- _Prompt_
Go through the listing that follows and write it out exactly. Drop the pictures.

- _Collected material_
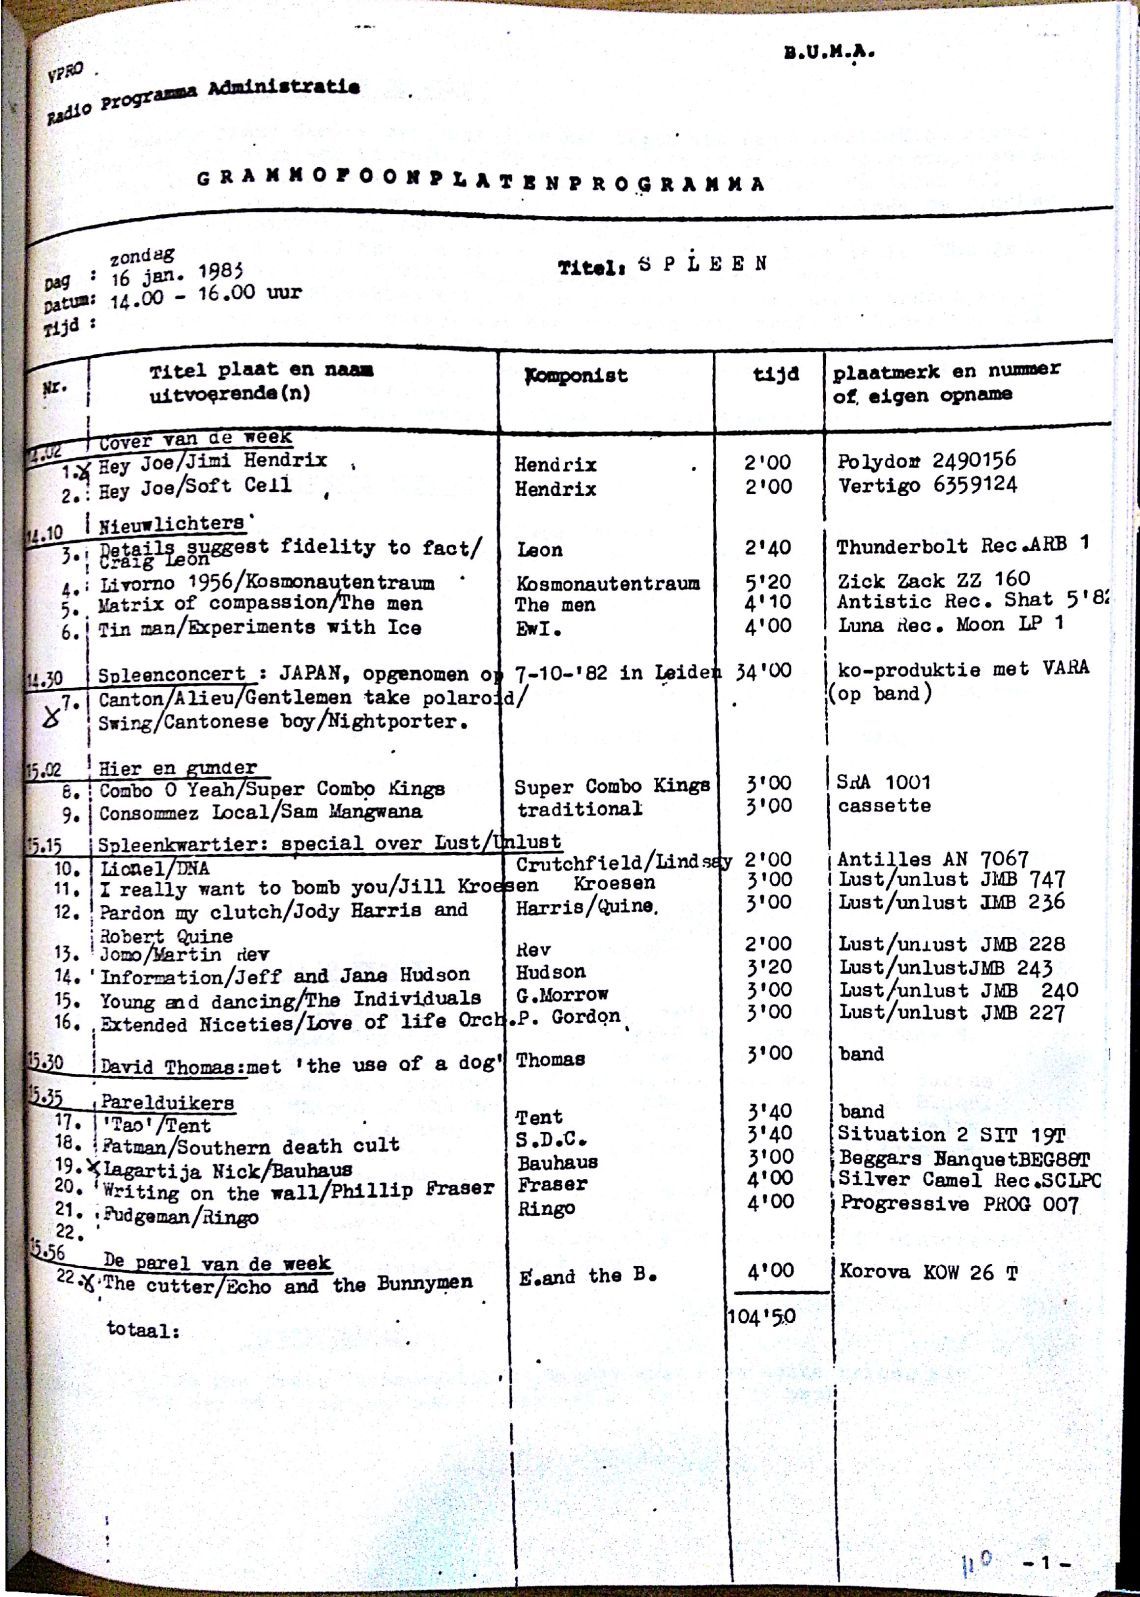 SPLEEN 16 Januari 1983
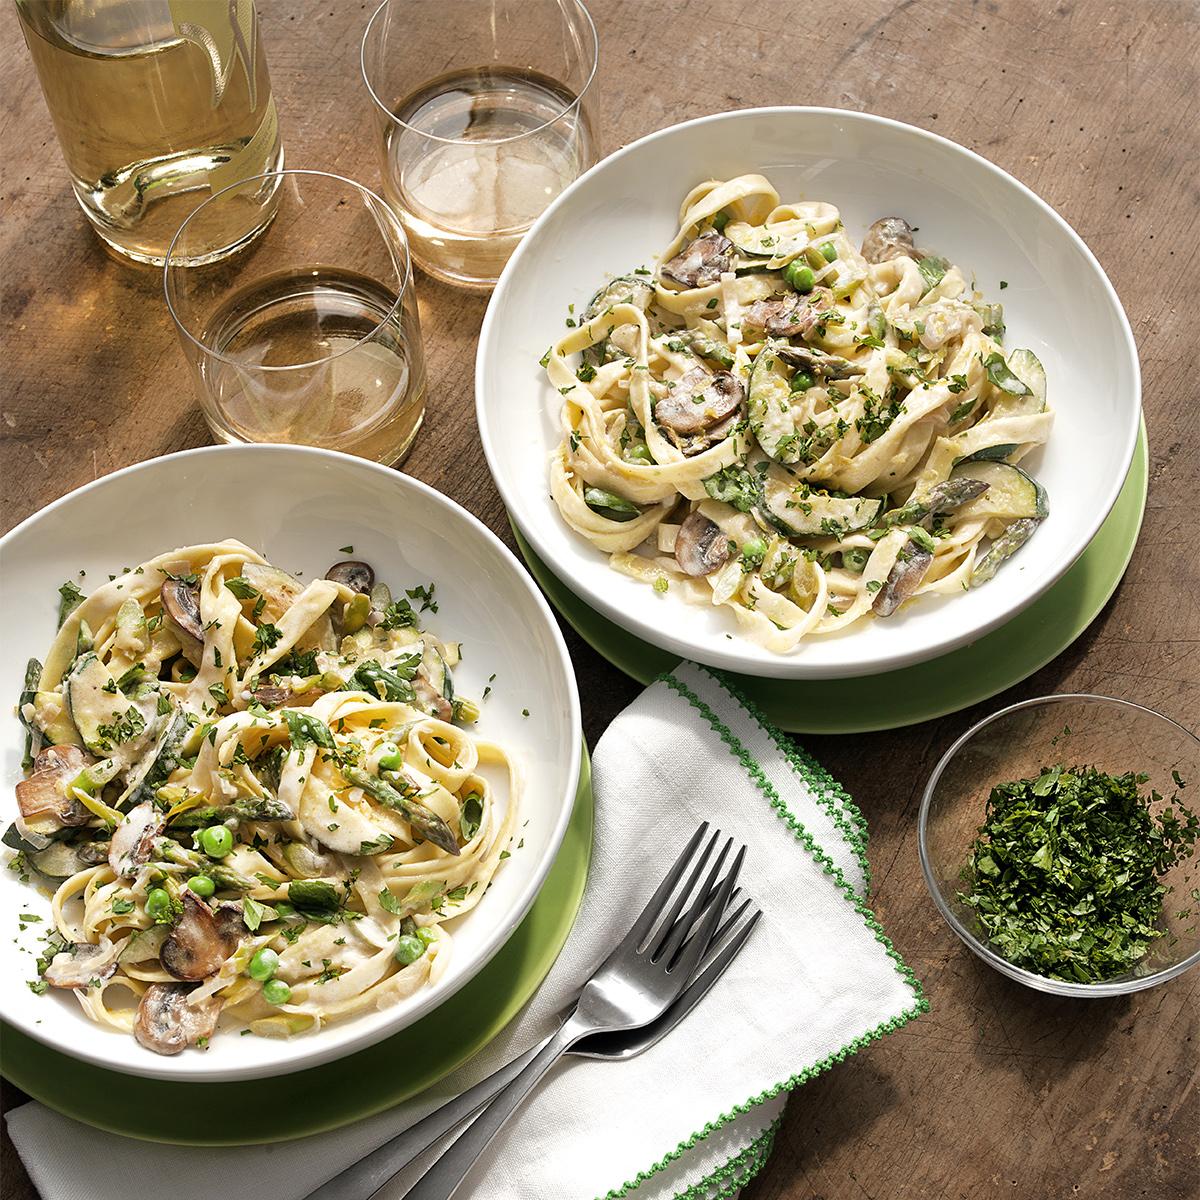 Light & Lemony Primavera with Asparagus, Zucchini and Herbs
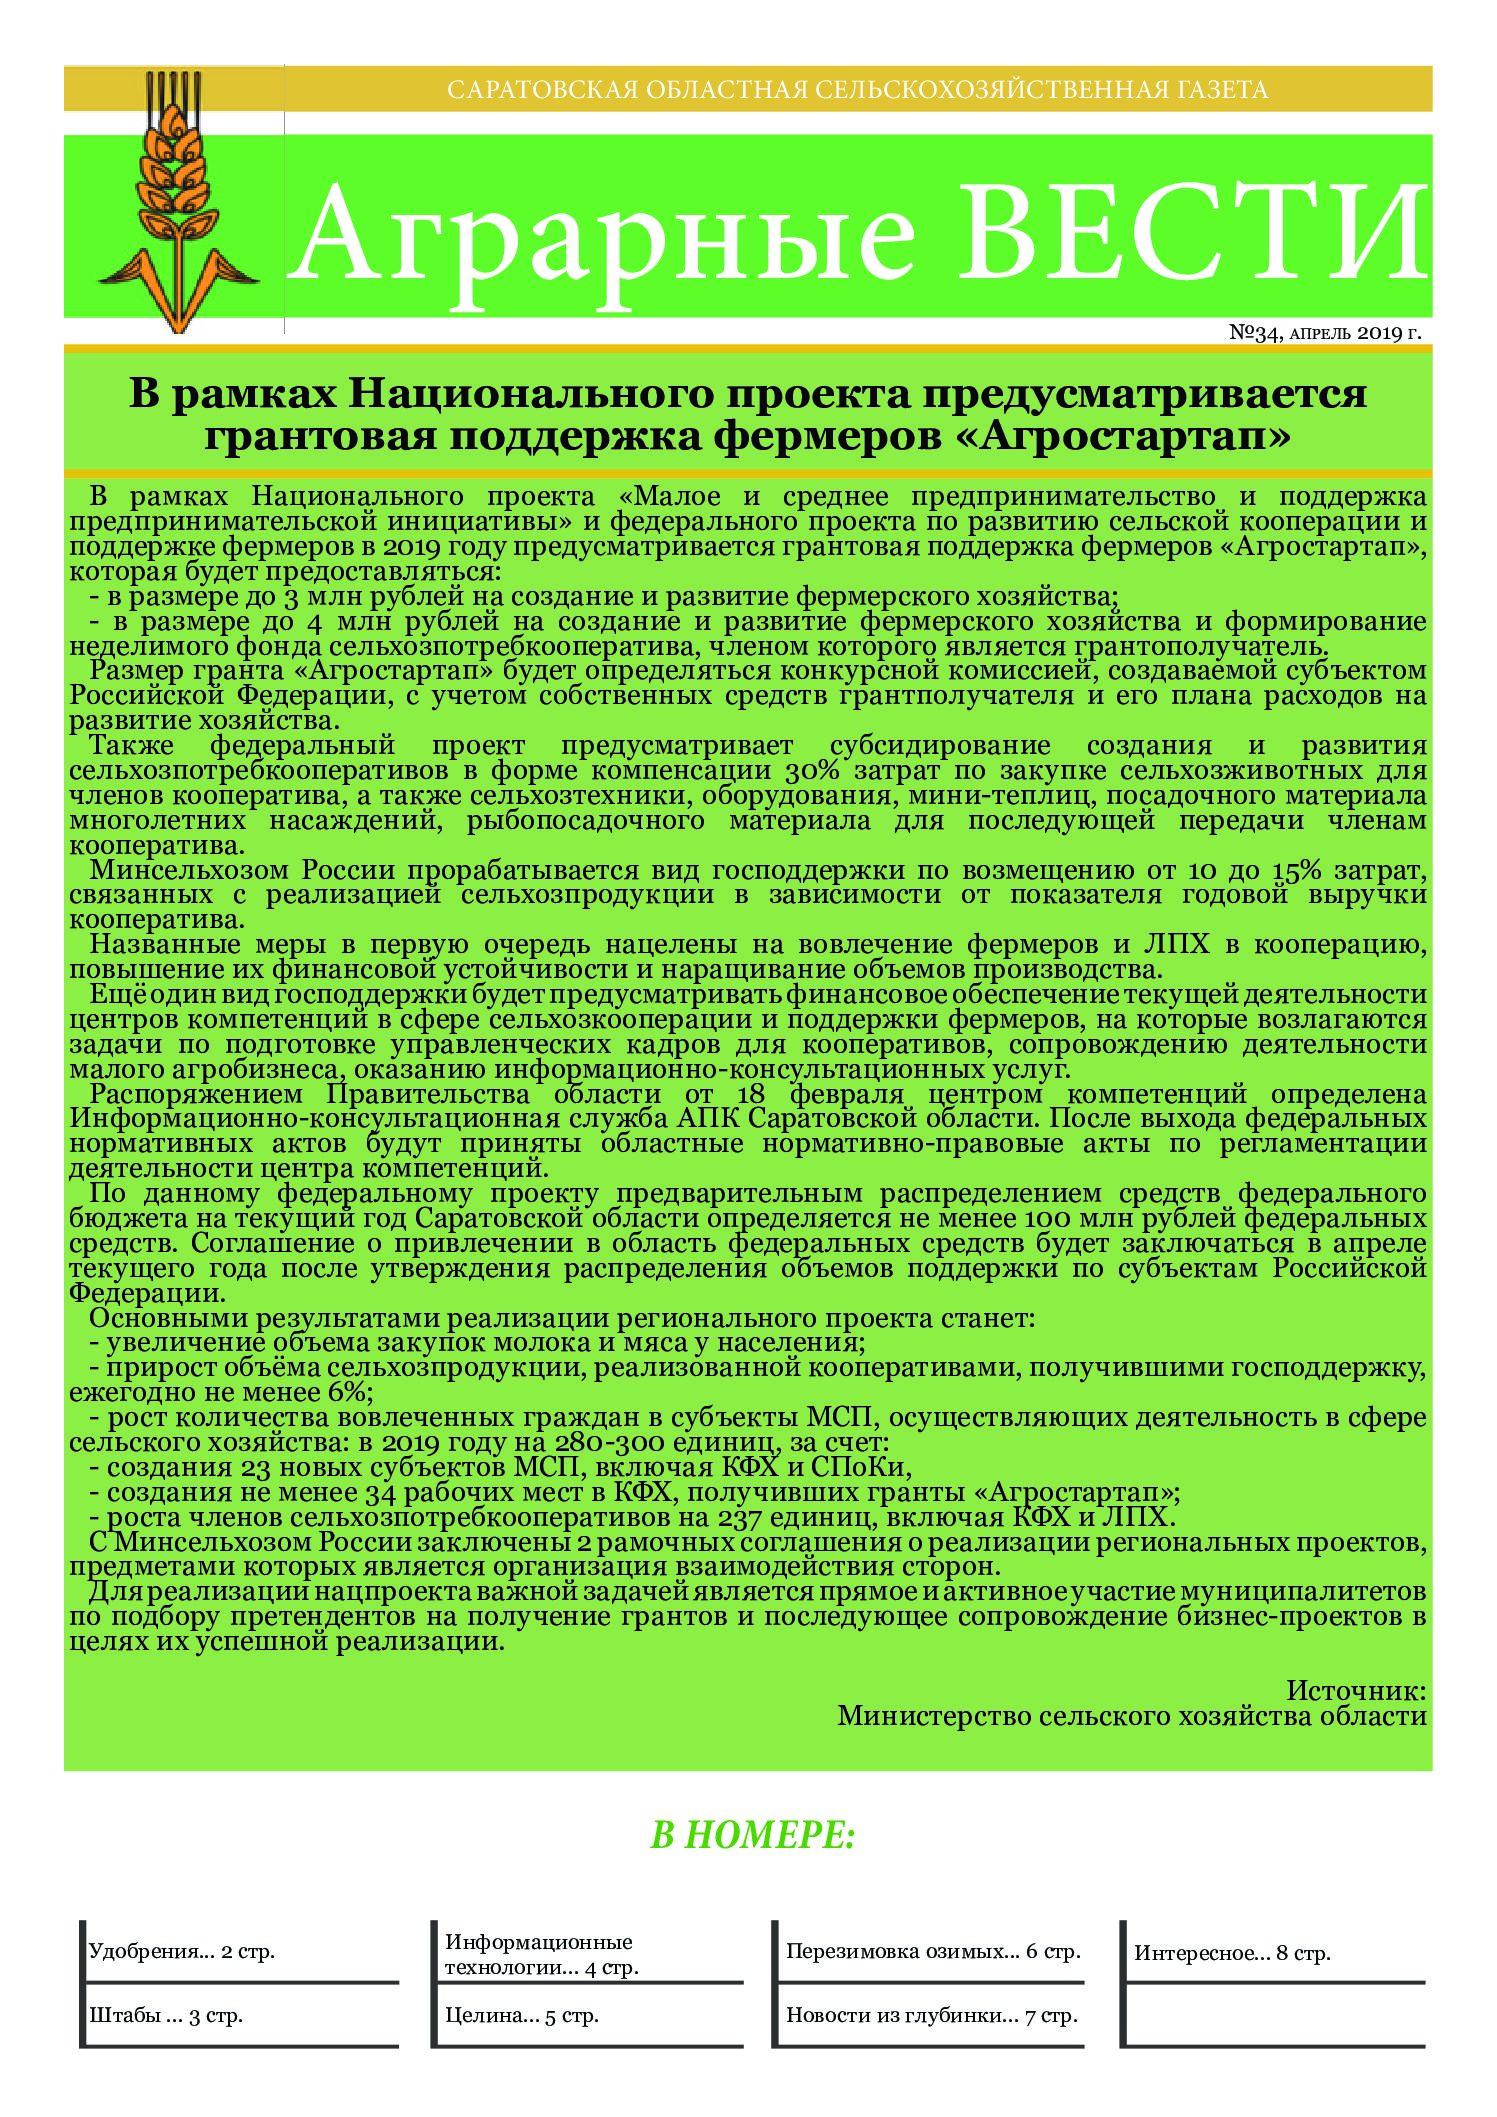 https://saratovagro.ru/wp-content/uploads/2020/08/34.2019-pdf.jpg

- _Output for this exercise_
 SPLEEN 16 Januari 1983
 Light & Lemony Primavera with Asparagus, Zucchini and Herbs
 https://saratovagro.ru/wp-content/uploads/2020/08/34.2019-pdf.jpg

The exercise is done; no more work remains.